The ecological context shaped by combined effect of seasons and life history seems to significantly impact the variations of the bacterial phyla Firmicutes and Bacteroidetes. Firmicutes play a crucial role in carbohydrate fermentation and enhancing nutrient uptake efficiency46. In addition, the symbiotic relationship between Firmicutes and Bacteroidetes is notable, with the ratio of these two microbial populations being associated with conditions like obesity, characterized by high fat mass47. A high proportion of Firmicutes is likely to foster fat absorption and energy storage in the host. This process effectively boosts the efficiency of caloric intake48,49. In the non-breeding season, the relative abundance of Firmicutes surpassed that of the breeding season. This trend aligns well with the primary activities during the non-breeding season for frogs: feeding, digestion, and energy storage in anticipation of hibernation. Our observations further indicate that functional groups related to digestion predominantly exist in both adult and juvenile frogs during the non-breeding season. Typically, fat content in frogs tends to peak just before hibernation, in the period between summer and fall, preparing them for successful hibernation and the subsequent breeding season17,50. This relationship also appears to be linked to the increased prevalence of the genus Clostridium, which could be important for energy absorption during the non-breeding season51. The observed correlation between higher levels of Firmicutes and increased fat content suggests that this bacterial group may support fat storage at this time. This likely occurs through a close interaction with the host's physiology, illustrating a complex and fascinating interplay between the gut microbiota and the host's metabolic processes.

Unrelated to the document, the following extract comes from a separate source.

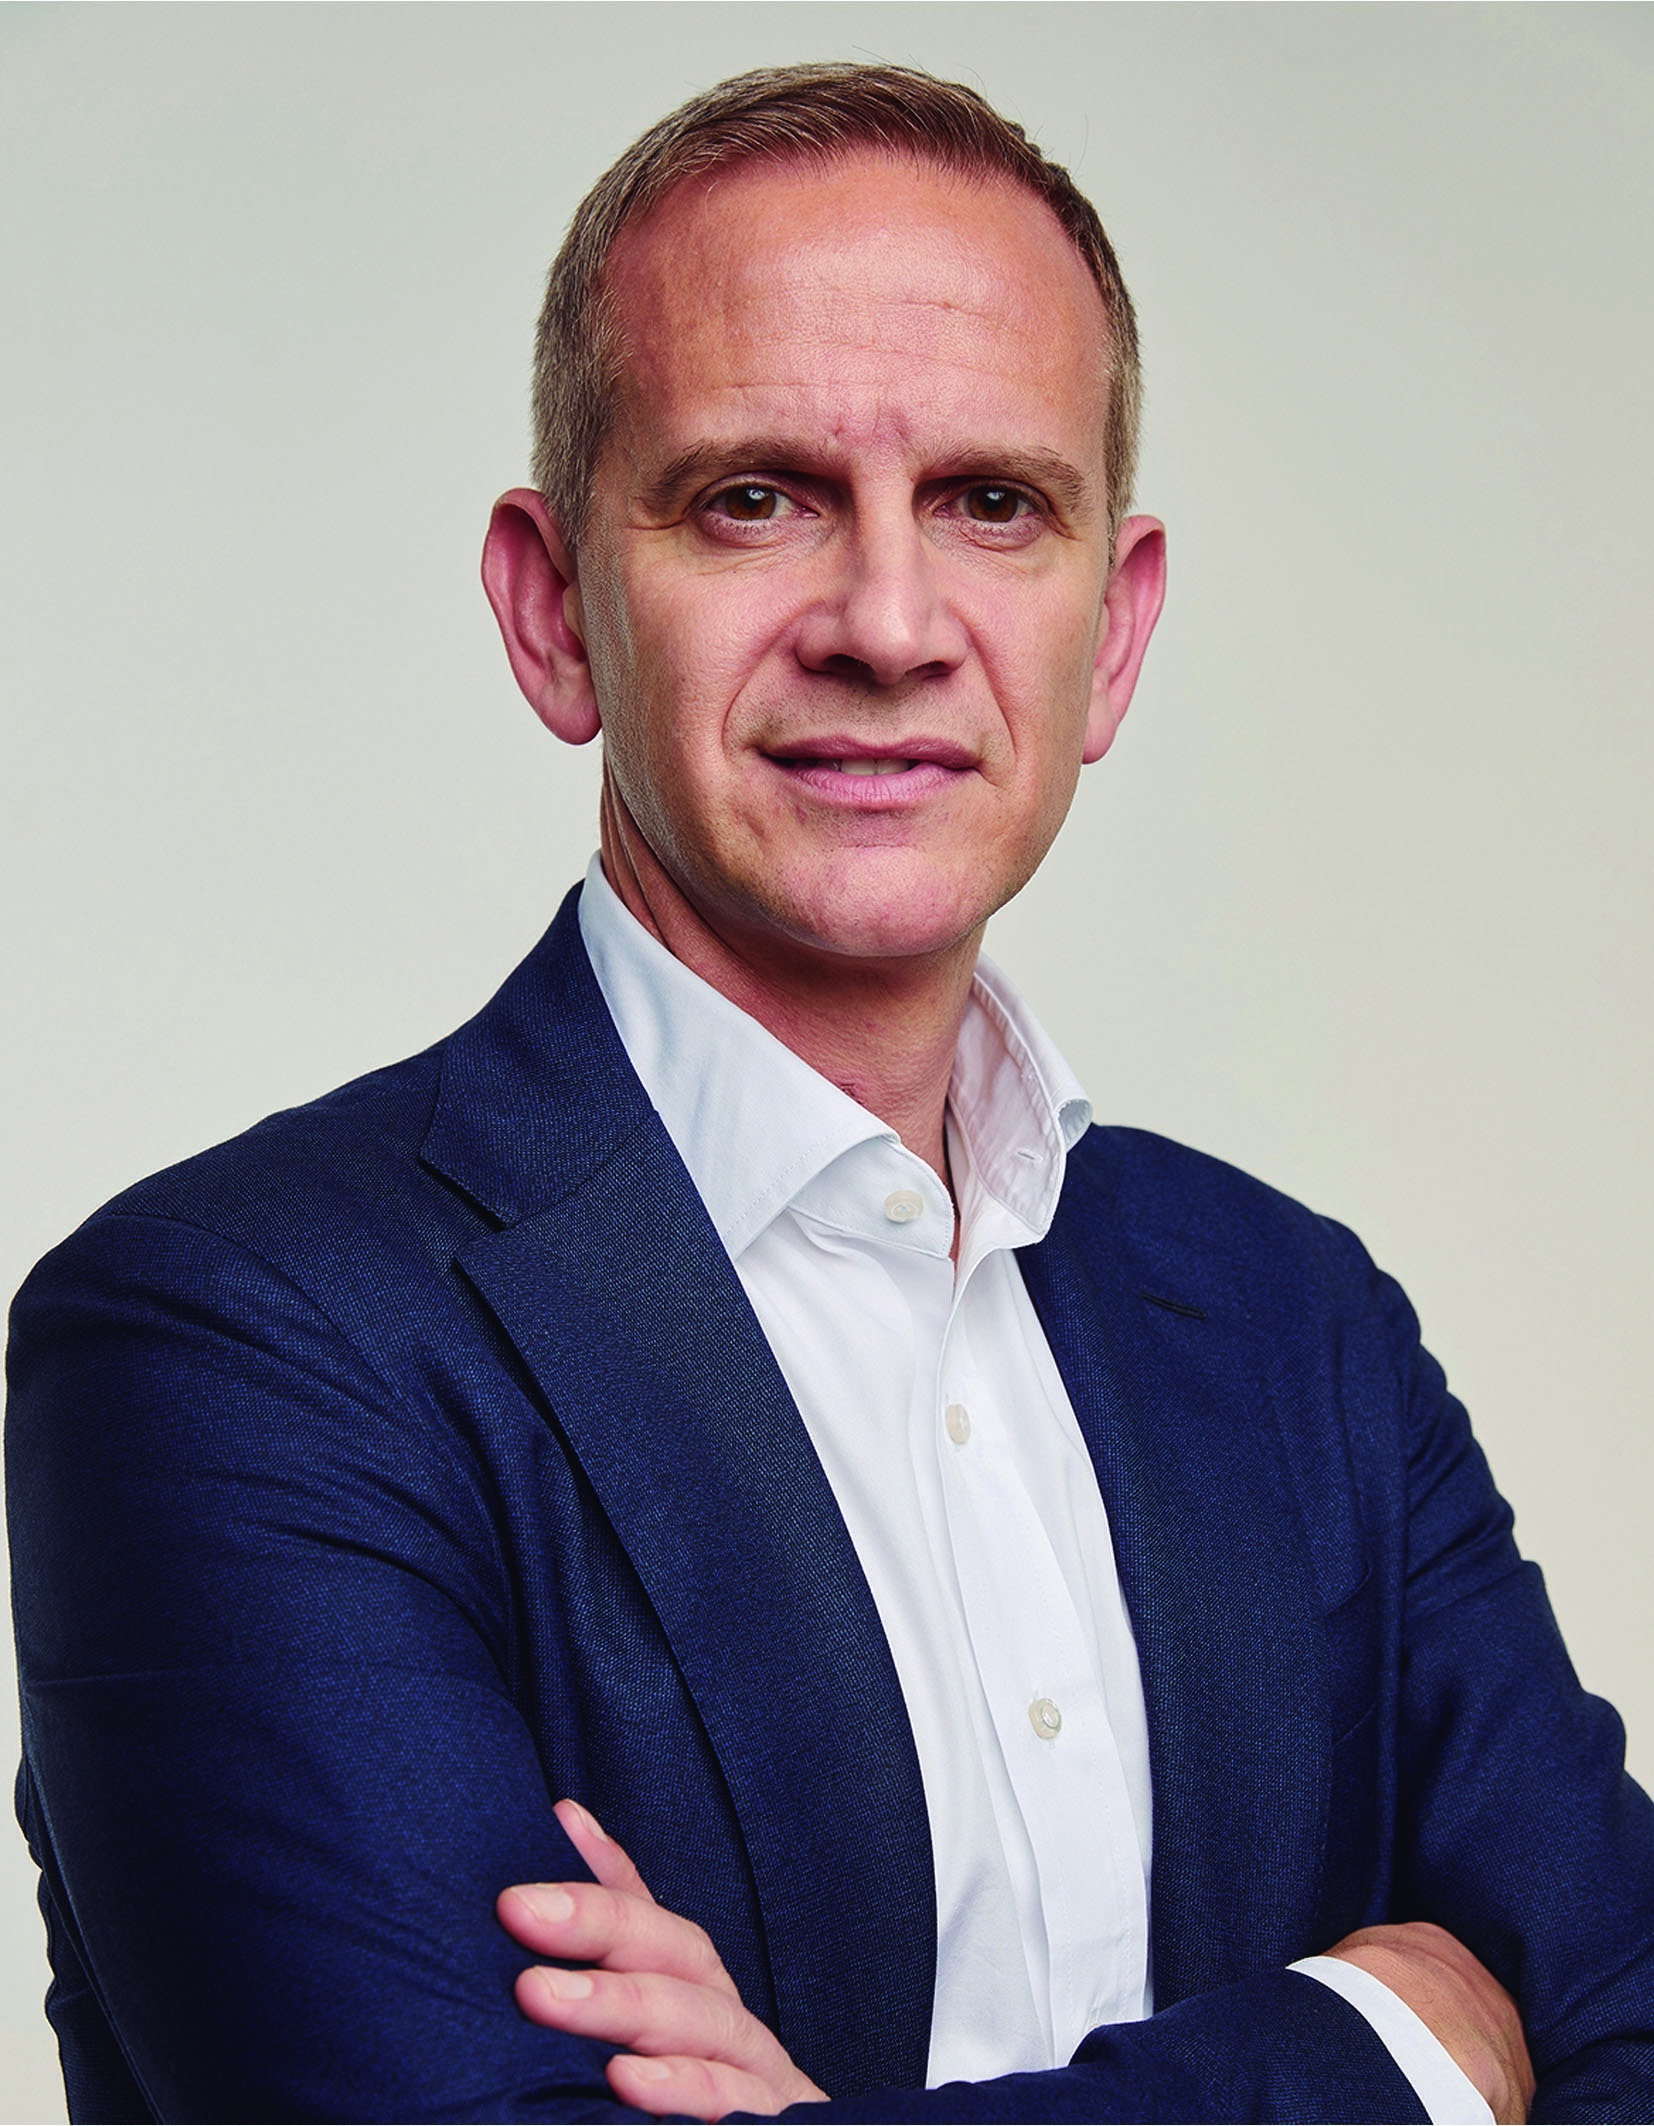 carlos-crespo-conseller-delegat-inditex-INDITEX

Members of the Bacteroidetes phylum aid in immune and intestinal microbalance by degrading polysaccharides, facilitating nutrient utilization, developing the immune system, and assisting in intestinal mucosal vascularization52. The high relative abundance of Bacteroidetes in the breeding season may play different physiological support roles in adult and juvenile frogs. Decreases in immunity were found only in juvenile frogs during the breeding season, while lower fat content and higher lean body content were observed exclusively in adult frogs during the non-breeding season. After hibernation, adult and juvenile frogs appear in paddy fields for breeding and growth, respectively12,53. Adult frogs experience explosive energy consumption for reproduction during the breeding season, and juvenile frogs must recover their immunity in a decreased immune state. Unlike juvenile frogs, adult frogs exhibit reproductive behavior rather than growth during the breeding season, showing a low fat content during the breeding season among the annual rhythms50. In the case of male frogs, energy consumption is considerable during the breeding season because they make advertisement calls, move to find females, and find and protect territories favorable for breeding54. This energy usually comes from glucose and stored fat55, and the abundance of Bacteroidetes in adult frogs during the breeding season suggests that this metabolism may be bacterial assisted. In fact, the functional groups related to glucose metabolism were dominant in adult frogs during the breeding season. Similar patterns are observed at the genus level. The genus Bacteroides, which increases during the breeding season, plays a role in sensing nutrient availability and facilitating energy utilization. The observed decrease in fat content alongside an increase in Bacteroides, a member of the phylum Bacteroidetes, may reflect a relationship strengthened by both seasonal changes and life history. This suggests that the gut microbiota, particularly Bacteroides, may support the reproductive activities of adult male frogs by aiding in metabolic processes.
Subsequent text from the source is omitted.